▸ **Requirement**:
Your output should be exactly the lines from the one containing "hight resolution of" through the final line of the following data, please, with no pictures.

▸ **Data segment**:
**********

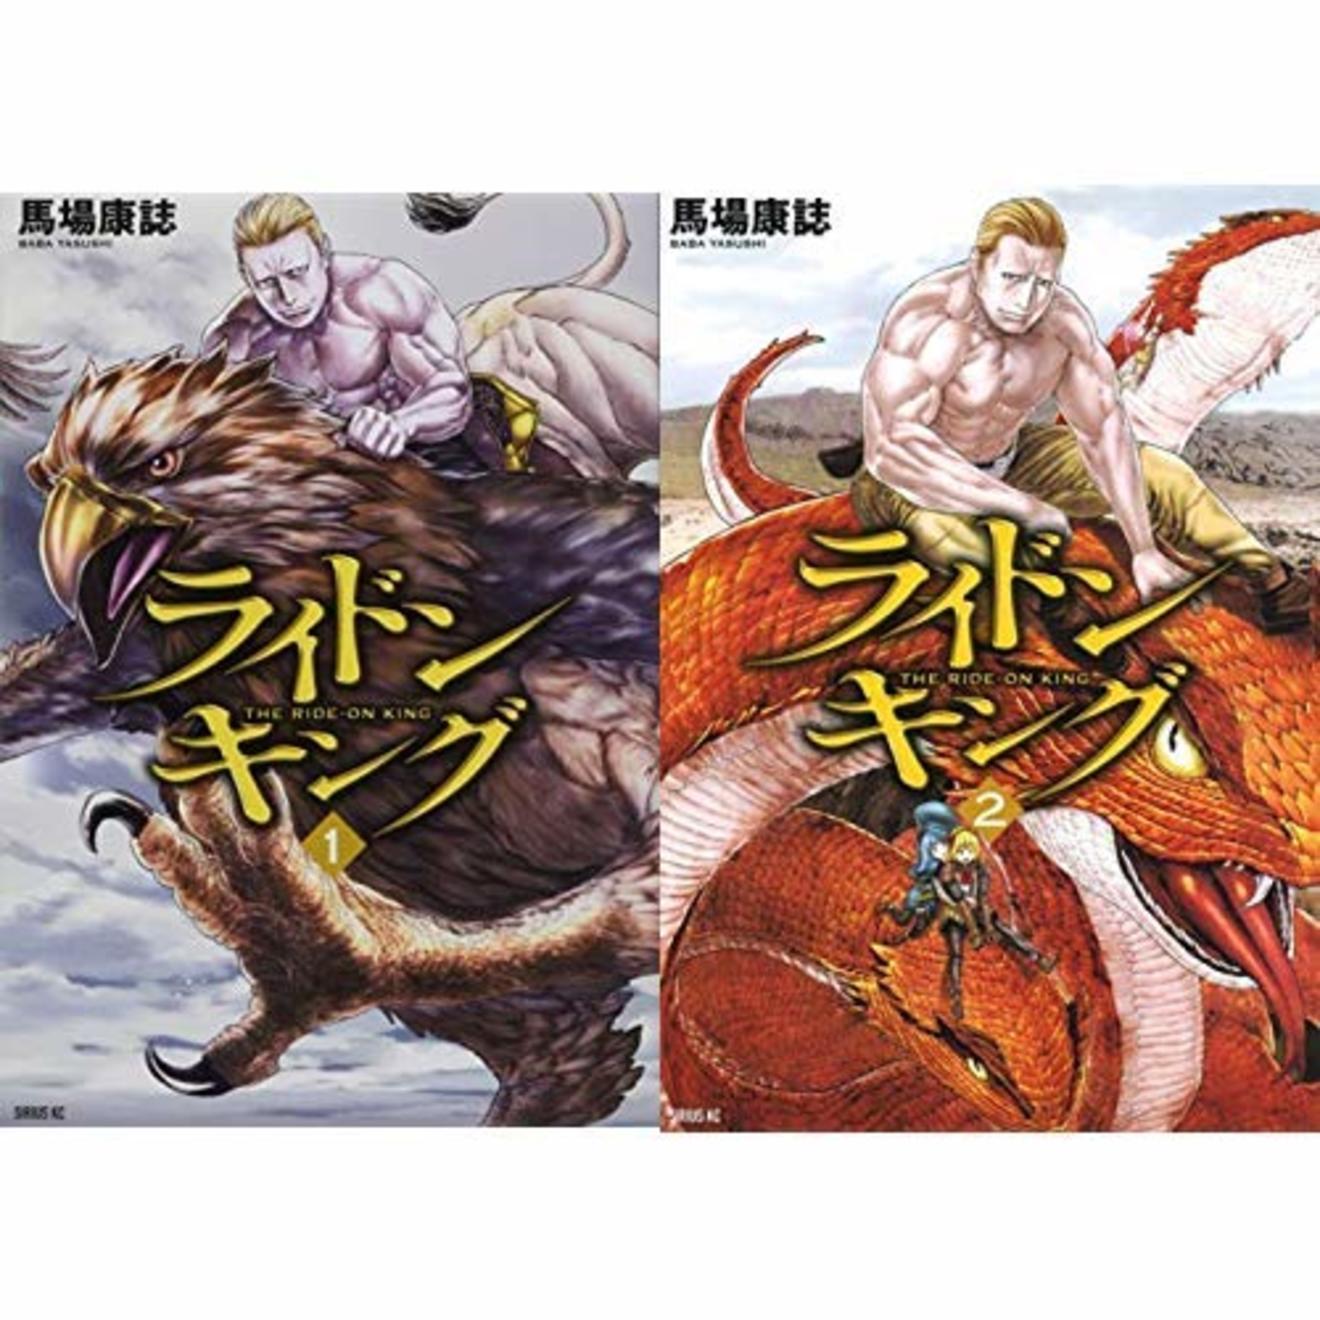 『ライドンキング』これぞ新しい異世界漫画!2巻までの見所ネタバレ【無料】
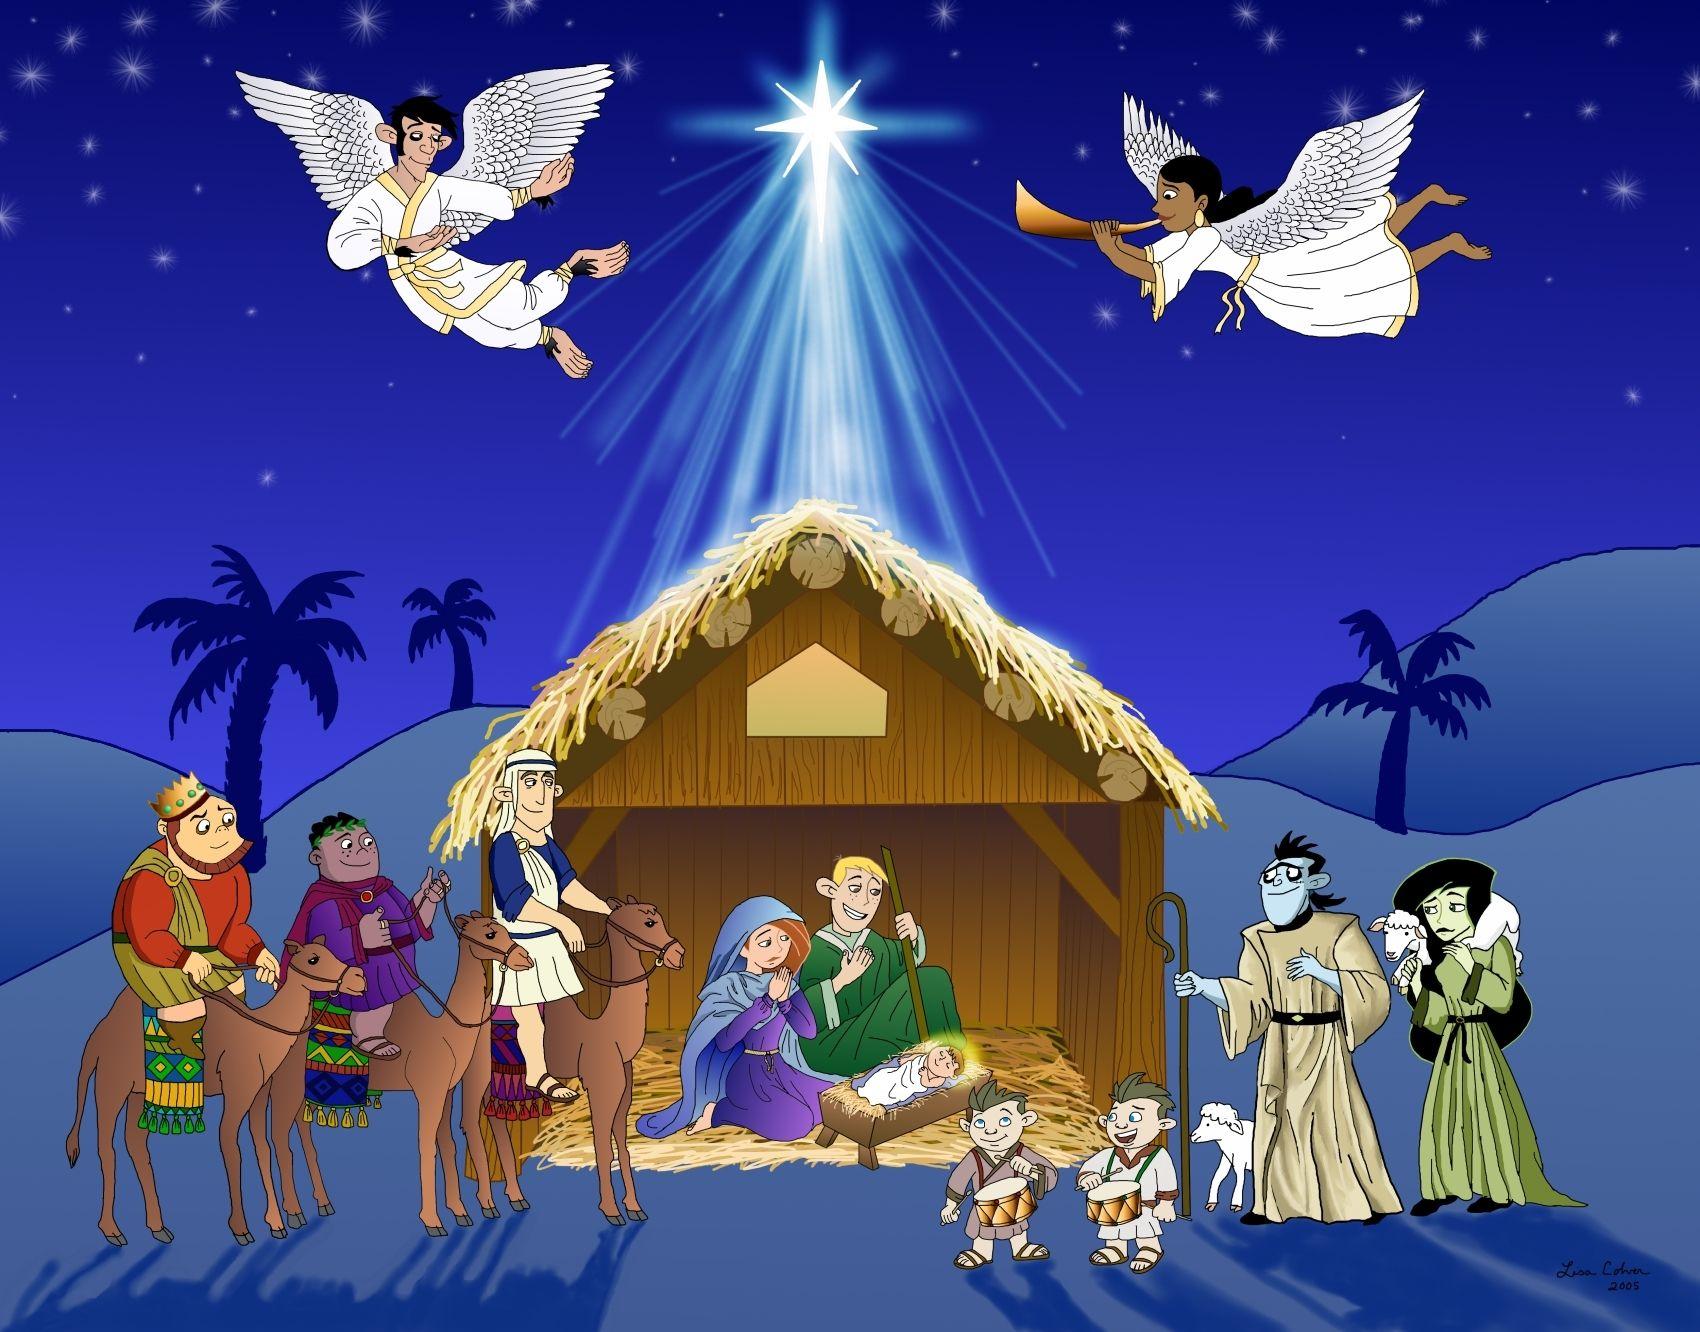 hight resolution of nativity scene clip art kim possible nativity scene by drakkenfan fan art digital art
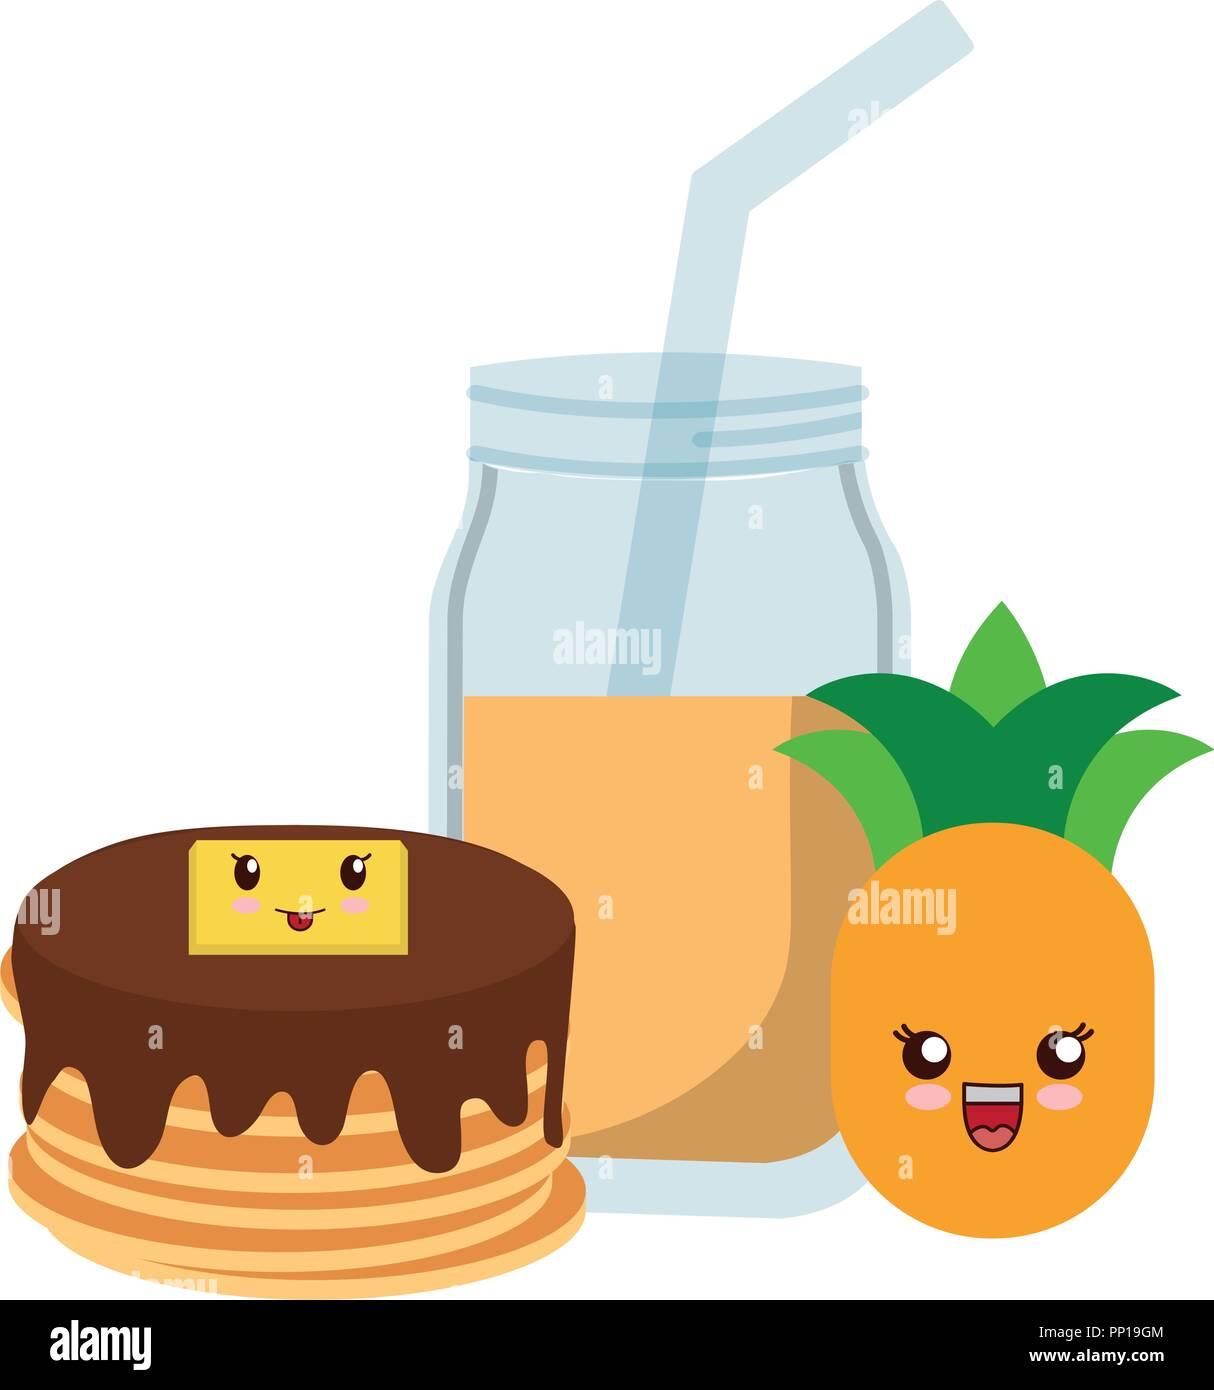 Kawaii Pancake E Succo Di Ananas Su Sfondo Bianco Illustrazione
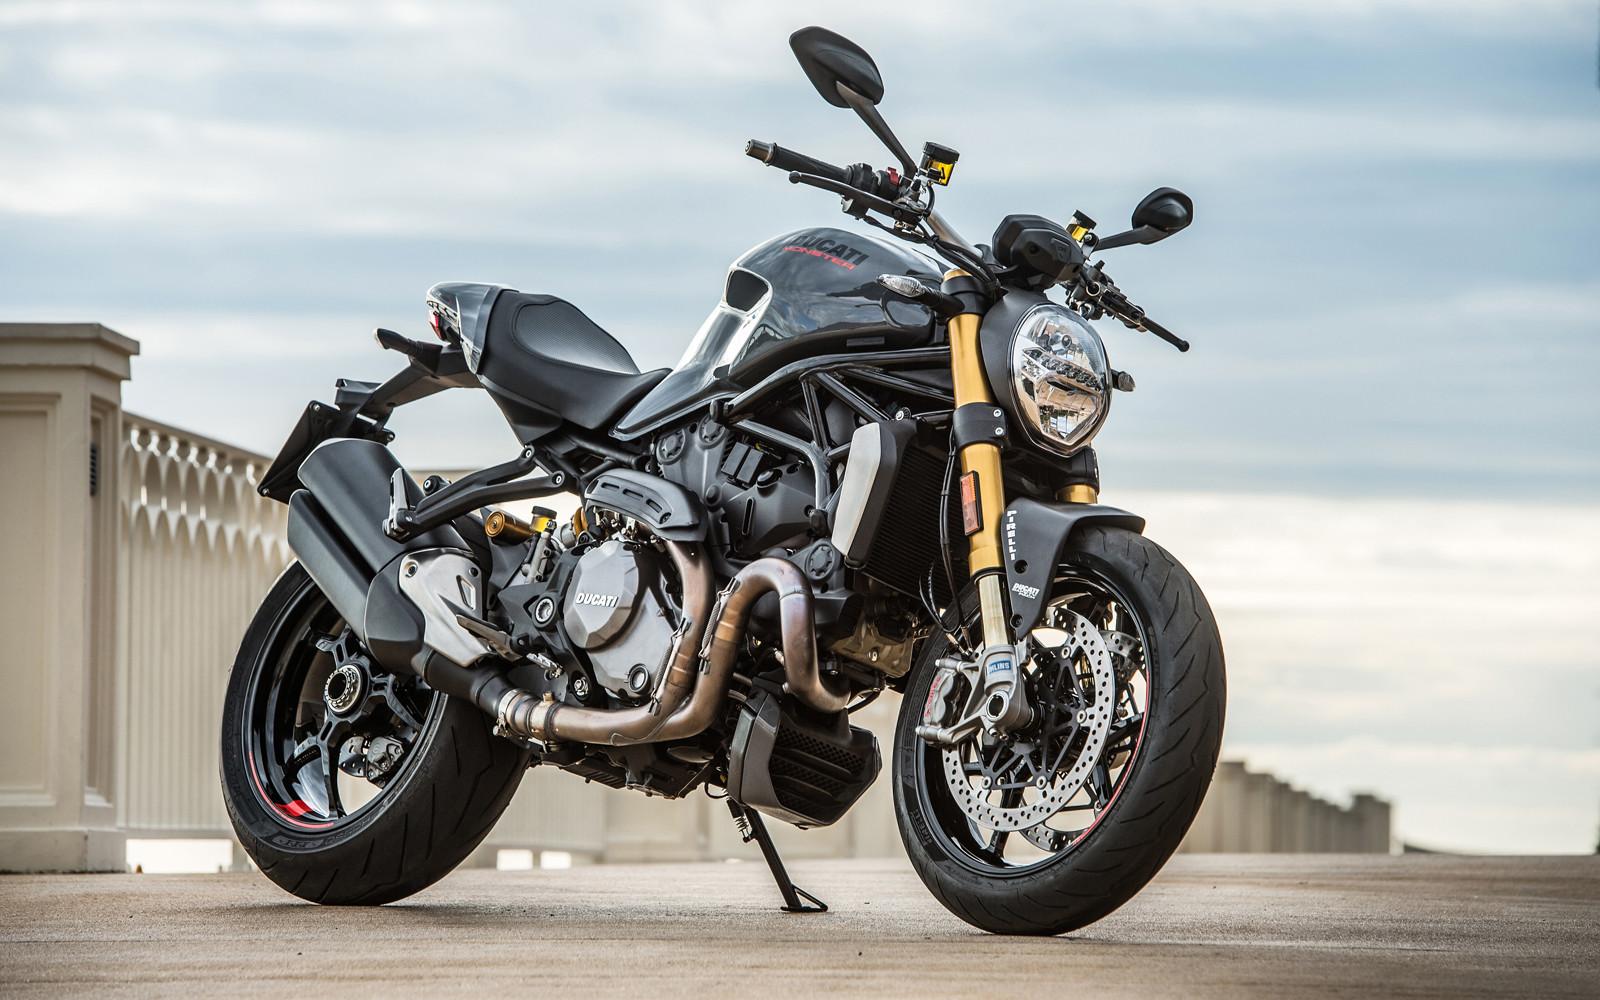 VW  снова рассматривает возможность продажи производителя мотоциклов Ducati

**********

▸ **Task result**:
 hight resolution of nativity scene clip art kim possible nativity scene by drakkenfan fan art digital art
 Kawaii Pancake E Succo Di Ananas Su Sfondo Bianco Illustrazione
 VW  снова рассматривает возможность продажи производителя мотоциклов Ducati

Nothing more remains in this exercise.